Die Herzogin folgte dem schönen Mädchen am Arm des Knaben mit erstaunter Miene. »Warum spielt Fräulein von Gerold nicht mit?« fragte sie den Baron.
»Hoheit, Prinzeß Helene wählte soeben selbst ihre Mitspieler«, erwiderte er.
»Bitte, Baron«, sagte die Herzogin liebenswürdig, aber bestimmt, »gehen Sie Ihrer Cousine nach und sagen Sie ihr, wie sehr ich bedaure, daß man sie aufzufordern vergaß, und bringen Sie sie womöglich zurück. Der Hofmeister des Erbprinzen, der dort eben kommt, wird so lange Ihre Stelle übernehmen.«
Der Baron verbeugte sich und ging, sich bei der Prinzeß zu entschuldigen und dem Hofmeister den Hammer in die Hand zu drängen. Dann schlug er langsam und auf Umwegen die Richtung ein, die seine Cousine genommen hatte.
Die Nase der alten Prinzeß war während dieses Vorganges plötzlich spitz und weiß geworden.
»Verzeihung, Hoheit«, sagte sie und setzte die zierliche Tasse klirrend auf das Tischchen, »Helene hatte sicher nicht die Absicht, zu kränken, sie meint es nur gut und sie liebt Eure Hoheit schwärmerisch. Ihr ehrliches Herz geht eben immer mit ihr durch, und –«
»Ich sehe nicht ein, was die Ehrlichkeit damit zu tun hat, liebste Tante«, erwiderte die Herzogin und ihre Wangen färbten sich purpurn vor Erregung.
Herr von Palmer sah zu dem Herzog hinüber, der von diesem kleinen Wortwechsel nicht die geringste Notiz nahm. Hoheit spielte mit seinem Augenglas, indem er ernsthaft der weißen schwebenden Mädchengestalt nachschaute, an deren Arm zutraulich der Erbprinz hing und sie nach allem möglichen befragte. Sie war schon eine ganze Weile in dem dichten Gewirre eines Jasmingebüsches verschwunden. Da wandte der Herzog langsam den Kopf zurück und begegnete den Augen der Prinzeß Thekla, die noch funkelnder aussahen als sonst, es lag ein verbissener, schadenfroher Ausdruck über ihrem mageren Gesicht.
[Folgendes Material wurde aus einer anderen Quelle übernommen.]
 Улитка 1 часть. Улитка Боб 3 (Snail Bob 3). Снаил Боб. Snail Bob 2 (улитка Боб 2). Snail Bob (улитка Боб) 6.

»Er macht zeitig den Hof«, sagte der Herzog unbefangen, »der Junge ist ja Feuer und Flamme!«
»Und guten Geschmack hat er auch«, ging die Herzogin fröhlich auf den Scherz ein.
»Das hat er von seinem Papa«, schrillte die Stimme der alten Prinzessin, und das liebenswürdigste, harmloseste Lächeln der Welt verdrängte für einen Augenblick die Verbissenheit. Sie sah aus, als hätte sie nie ein Wässerchen getrübt, und setzte sich noch einmal so aufrecht in ihren Stuhl zurück.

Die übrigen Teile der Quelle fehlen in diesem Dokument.